Miserable git on the phone – I asked roughly how long after the test was finished would I be called, given that I’ve been promised three phone-calls so far and had none of them. No help at all. A request for a note to be put on it that the repair is already overdue and it’s urgent. No can do.

Useless losers.

A week without my laptop

So much for ‘Apple Care’ – it’s been a week since I dropped off my laptop to be repaired. For the last two days I’ve been phoning, getting put on hold, been told three times that I’ll be called back, and have yet to receive any calls at all, or talk to anyone who knows anything about my laptop. Until 5 minutes ago, the support website at apple.com said ‘information not available’ about the status of my repair. As I write, I’m still on hold (38 minutes and counting), but the website has updated to ‘repair in progress’. That’s fine except that it says that the laptop was dropped off at the shop TODAY!!!! That’s clearly total shit, as it was dropped off a week ago today. So it’s been sat there, with no-one knowing where it was, or caring, for a week before some fucking jobsworth realised that it might actually be wise to locate the laptop they’ve had FOR A WEEK and fix the damn thing.

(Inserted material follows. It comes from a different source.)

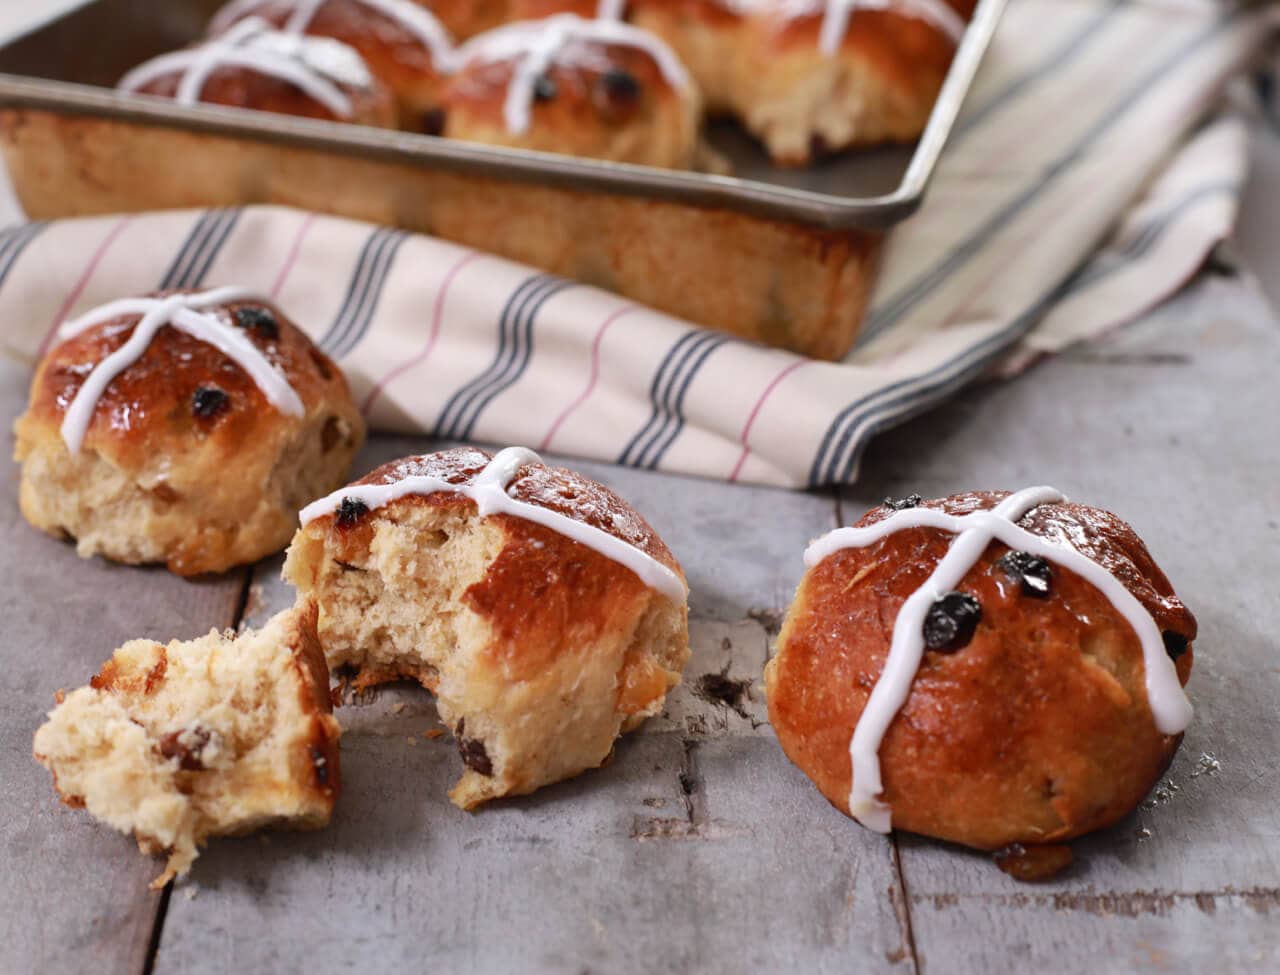 Enjoy warm Hot Cross Buns this Easter with this easy recipe

Meanwhile, I’ve been using TSP’s laptop, which is exceedingly kind of her, but it hasn’t got my bookmarks or diary on it, hasn’t got Skype or Adium or any of the other stuff I use daily. Meanwhile Apple don’t give a shit. Bastards.

If you’re getting a computer repaired by Apple, my advice is phone them EVERY DAY. Call them as soon as you get home after dropping it off, check the website hourly and hassle the shit out of them until they fix it and get it back to you. Otherwise, it’ll just end up on a pile of non-urgent jobs, and get done when the pile gets so high they can’t find their way out of the office without fixing a few.

Balls to Apple Care. 42 minutes on hold – great service.

finally – new tunes!

…no MP3s for you, just yet though!

Been recording these last couple of days, the usual bought of improvs aimed at definining a vibe for the album. I don’t think, on the face of it, this one will be a huge departure from what’s gone before. Though, I am thinking about possibly getting some people in to do overdubs on some of the tracks when I’ve recorded my usual solo bass nonsense. And I am allowing myself some editing for brevity’s sake.

The vibe on the tunes so far is pretty downbeat (apologies to the peoples who’ve emailed saying ‘I really like Shizzle/Channel Surfing/MMFSOG*, which don’t you do a whole album of funky stuff?’ (* – delete as applicable) – sorry peoples, it’s not going to happen.) – I have got ideas for a couple of up-tempo things, but as usual they’ll be the exception rather than the rule. For now, I just have to deal with large scale melodic ambient melancholy tinged with a hopeful, redemptive edge being what I’m best at. And that’s no bad thing, methinks. Will get something up onto my MySpace Page as soon as I can. Suffice to say, the Looperlative is making itself very very useful is ways that won’t be immediately apparent – the three biggies are that all the looping is in stereo, there’s virtually no noise generated by the unit at all (less than most soundcards) and I can have multiple asychronous loops that I can mess with in any order… For the listener, it just means everything sounds a little less linear, and even the linear stuff ends in more interesting ways!

Watch this space…

If this isn't civil war, what the hell is???

The former Iraqi ‘president’, Iyad Allawi has said that iraq is in a civil war. Seems like a fairly obvious thing to say, given that scores of people are being killed every day, there are two definable sides to this both with military capabilities, that are daily bombing, shooting, slaughtering one another.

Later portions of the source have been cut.